By H. Patricia Hynes
Editor’s note: This column appeared first on the Op-Ed page of the Greenfield Recorder.
For many years, I worked in Boston public housing with teams of residents, community organizations, public housing staff and other professors on reducing and removing the many triggers that caused the highest rates of asthma and asthma attacks in the city. Living and working in the heart of the city neighborhoods, I was keenly aware of the apartheid nature of public and residential housing (Black Roxbury, white South Boston, white gentrification overtaking the once interracial South End, and white suburbs)

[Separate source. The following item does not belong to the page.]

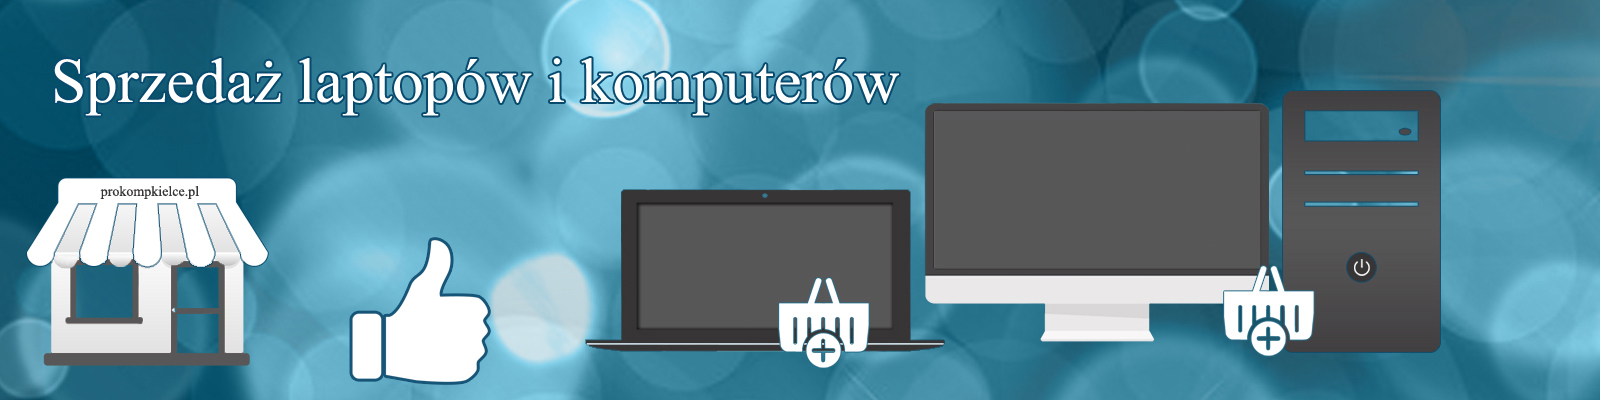 sprzedaz_laptopow_komputerow_prokompkielce.pl

I had been familiar with the mid-20th century pattern of “white flight” from urban neighborhoods to suburbs, abetted by money-grubbing Realtors, and “redlining”— Realtors and banks refusing to show or offer mortgages to qualified African American homebuyers in white neighborhoods. Both fostered the toxic racial segregation in our cities and metropolitan areas. But I learned only recently that this was one of many drivers of our national Black-white segregation. Systematic and forceful racist government policies, beginning in the early 20th century, formed the foundation of Black ghettos and white suburbs.
The Federal Housing Administration created during the New Deal, forced newly built suburbs to be racially exclusive through guaranteeing whites-only mortgages. State courts colluded in restrictive covenants, by excluding Blacks from certain neighborhoods and ordering the eviction of African American residents from designated white neighborhoods. Churches, universities and hospitals supported restrictive covenants in their vicinities to keep their neighborhoods white, yet they never lost their tax-exempt status. Federal and state highway planners used the interstate highways construction to demolish Black neighborhoods and business districts, pushing African Americans deeper into urban ghettos. Because of institutional racism, Black veterans of World War II received only 40% of the white veterans’ benefits. Police refrained from arresting white mobs threatening new Black homeowners in white suburbs.
These are but a handful of the dozen mechanisms used by governments to force and reinforce racially black ghettos and white suburbs, exposed in Richard Rothstein’s “The Color of Law. ” These government policies, consequently, underlie the extreme wealth gap between African Americans and white Americans. Most white middle-class families gained their wealth from home value appreciation over time and mortgage interest deductions for homeowners, denied to ghettoized African Americans.
Today the median Black family’s wealth is about one-tenth that of a white family, with no progress made in 70 years. Nearly one half of poor Black children live in deeply impoverished neighborhoods, four times the rate of poor white children. The impacts are malignant and multi-generational. Upward mobility is frozen for generations of Blacks.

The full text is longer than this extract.